I'm Sky Hamane, and I'm a senior at Roosevelt High School on Oʻahu.
We're so glad you joined us for the latest show produced by Hawaiʻi's New Wave of Storytellers.
In this episode, we'll get up close and personal with animals like sharks and hogs.
We'll visit lush farms with deep family roots.
We'll see how youth in Waiʻanae are spearheading a community campaign to boost pride on the west side of Oʻahu.
We'll learn how to make coconut fiber rope, the traditional Hawaiian way, and we'll take a closer look at the masterful work of professional muralists who bring joy, healing and storytelling to their community.
The first story we'll watch was produced by students who are brand new to HIKI NŌ: West Hawaiʻi Explorations Academy on Hawaii Island.
They'll introduce us to an animal that lives and swims on their very own school campus grounds.
To me, sharks are the most graceful, intelligent and intuitive animals to inhabit the ocean.

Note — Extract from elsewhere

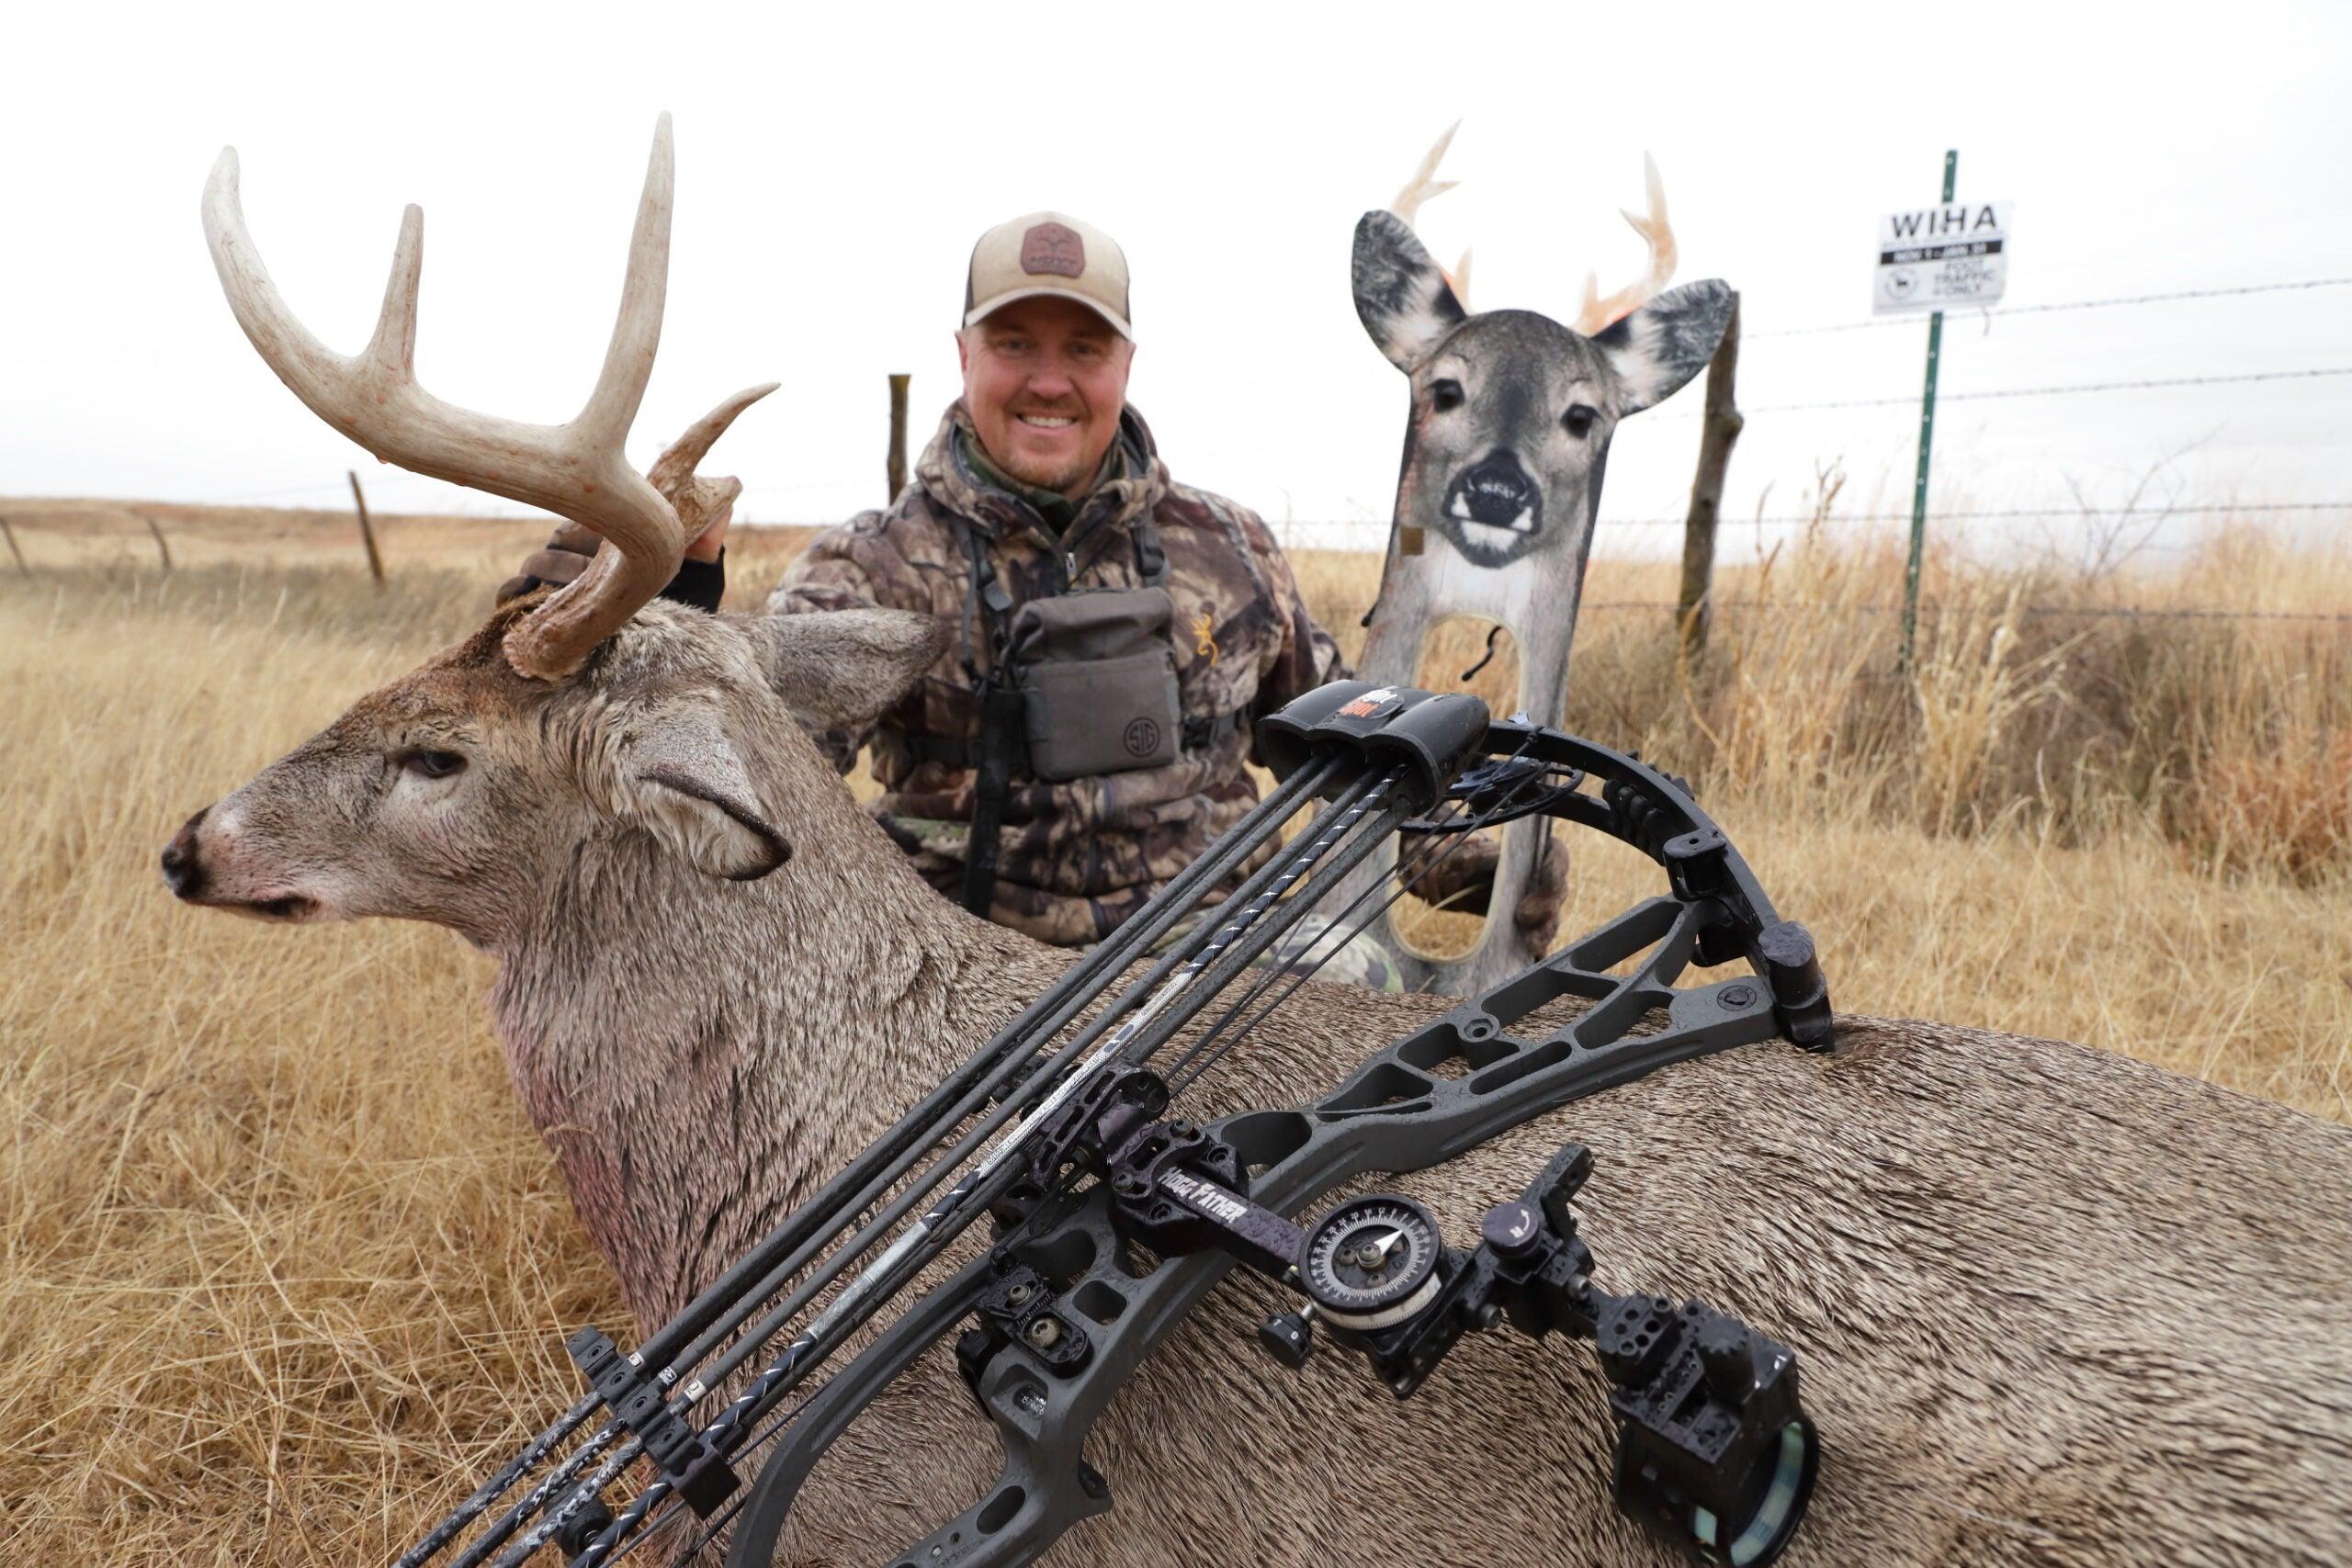 Use a decoy to get closer to big deer.

They are aware of everything going on around them.
Their sensory system is magnificent.
On the Leeward side of West Hawaiʻi, a charter school houses a black tip reef shark named Nahoa.

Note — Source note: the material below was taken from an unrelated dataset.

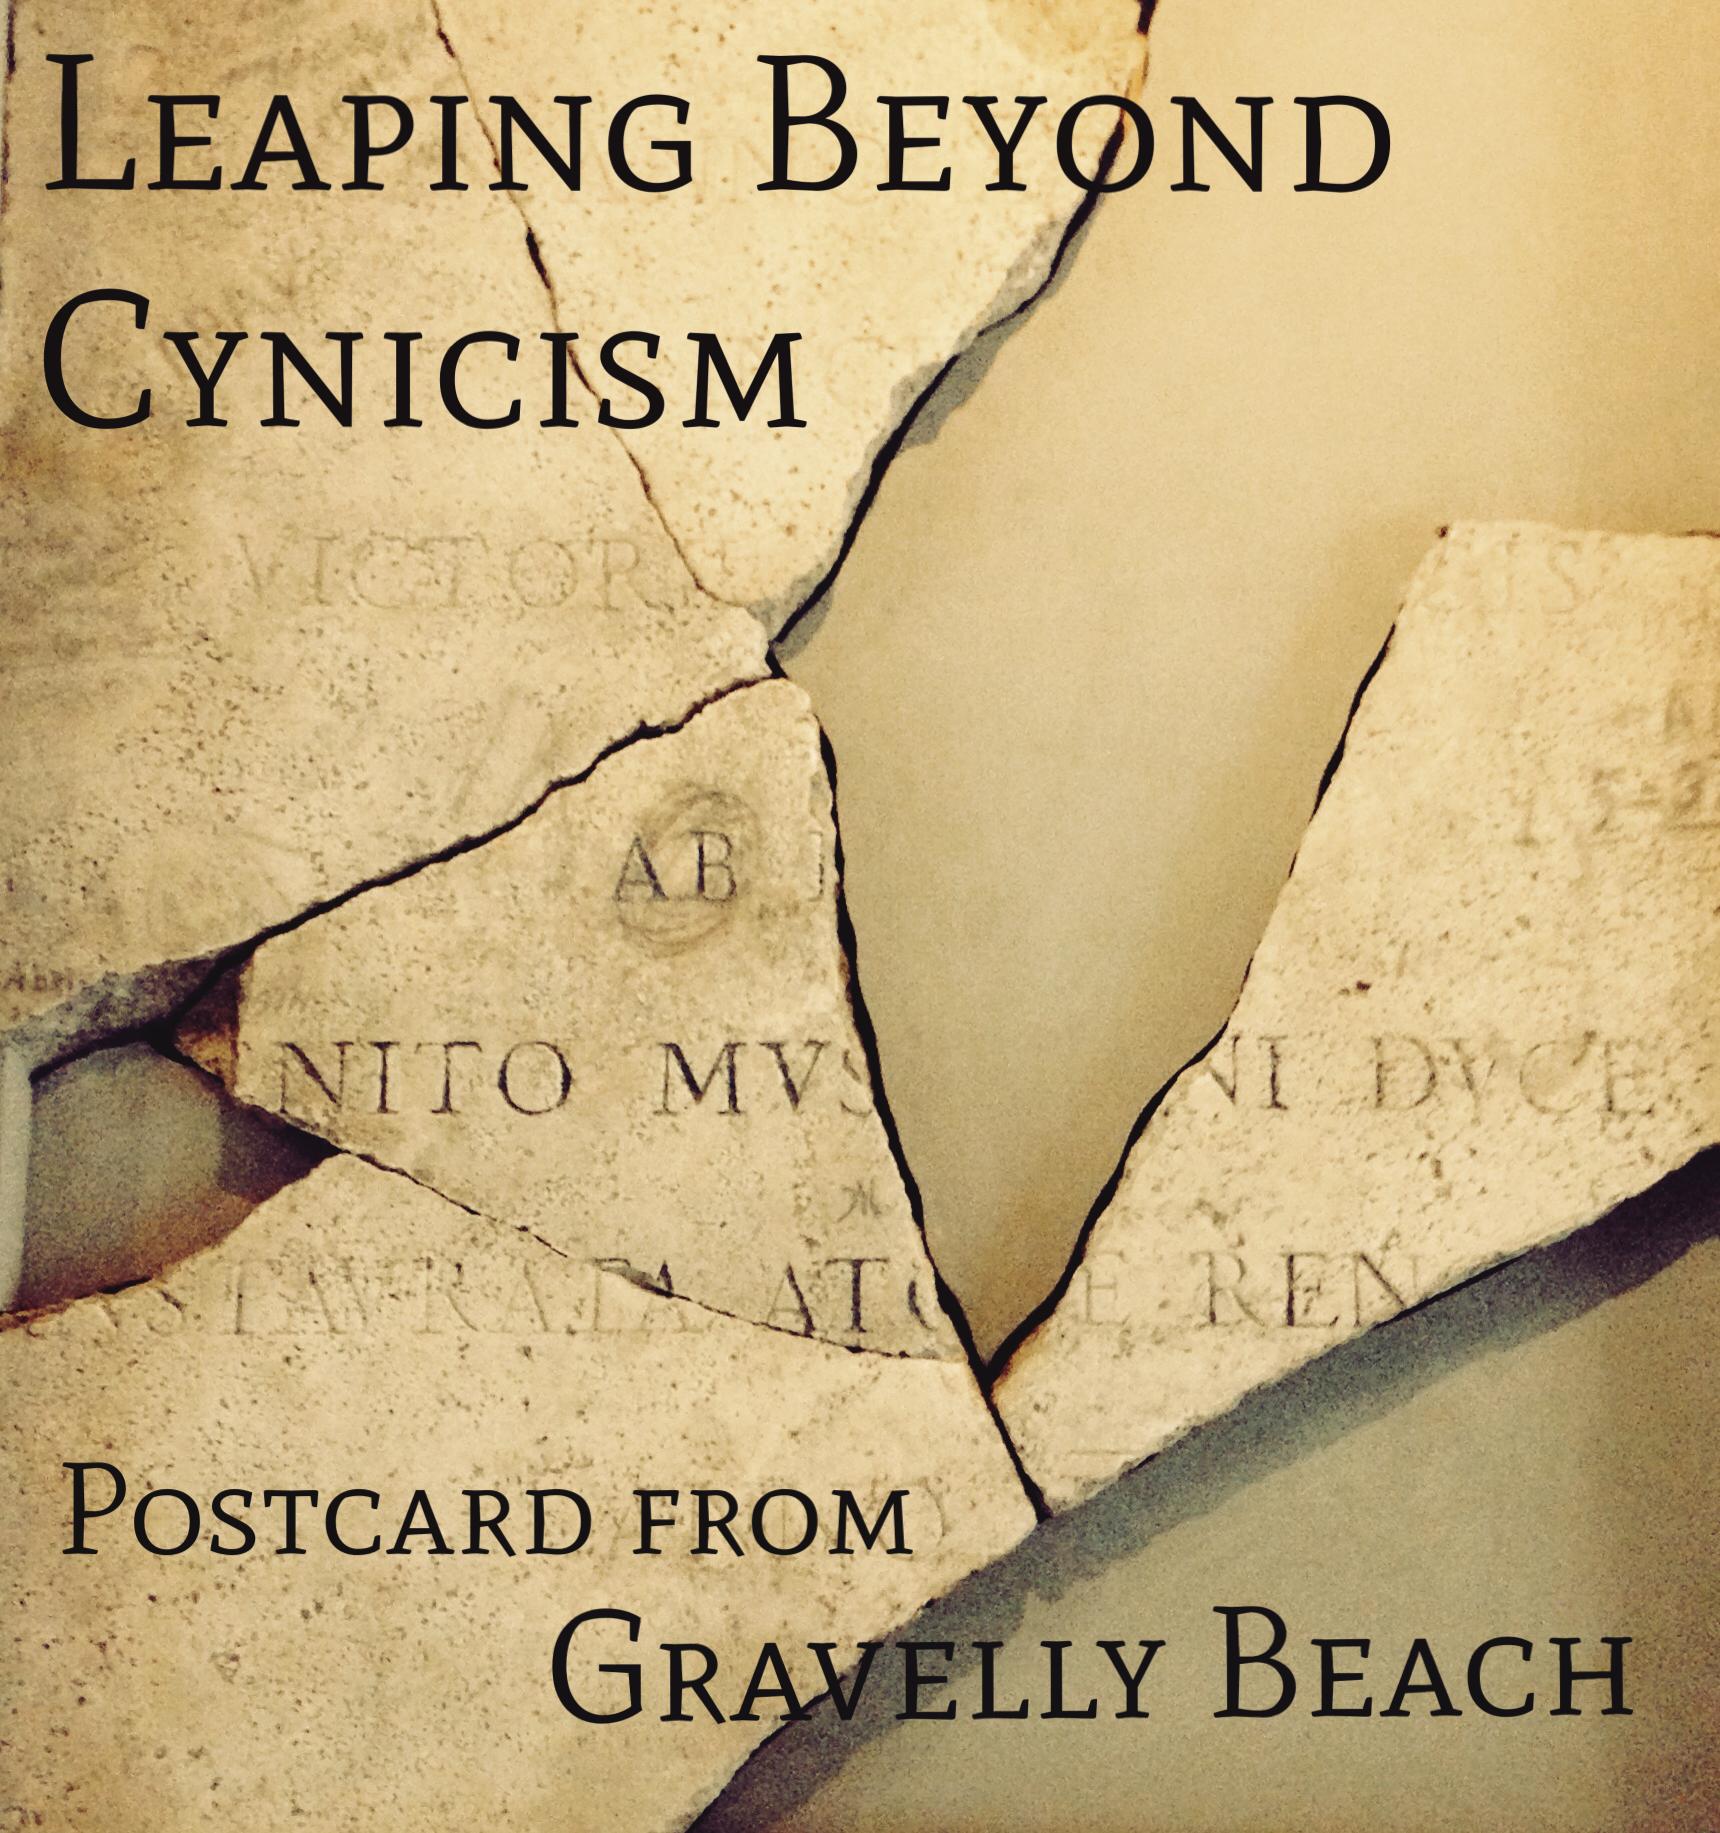 leaping beyong cynicism

Located in the Natural Energy Laboratory in Kailua-Kona, students at West Hawaiʻi Explorations Academy care for Nahoa in a tank that mimics his own natural environment on campus.

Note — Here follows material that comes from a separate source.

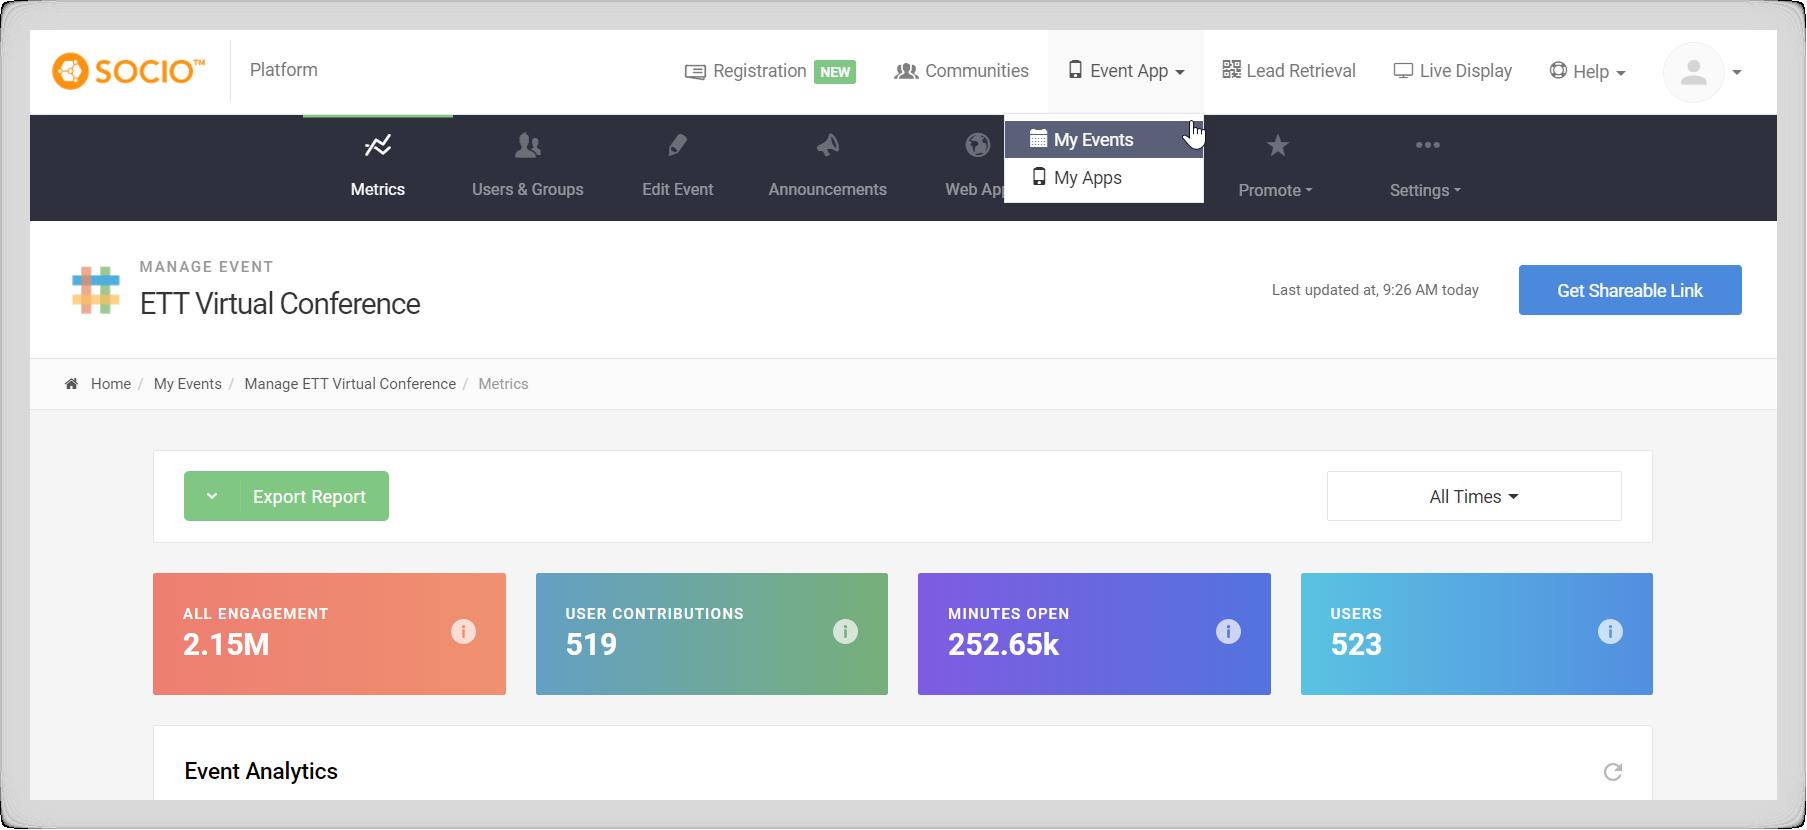 Screenshot of an event in the Socio Platform.

Nahoa, a 16-year-old shark, shares a 20,000 gallon salt water tank with native reef fish and serves as a research facility for students and staff.
The school prides itself in educating others about the shark's misunderstood nature.
When you look at a shark, for example, a sand tiger, they don't look friendly at all.
However, documented bites on humans by the sand tiger is minimal.
I think it takes a little more effort to understand the shark, and it's really easy to love a cute, happy dolphin.
The main idea of the shark project is to reshape the reputation of the animal.
The movie Jaws came out in 1977 and it changed the public's view of the animal, and ever since then, over fishing, finning for shark fin soup by catch and long lining and net fishing has occurred.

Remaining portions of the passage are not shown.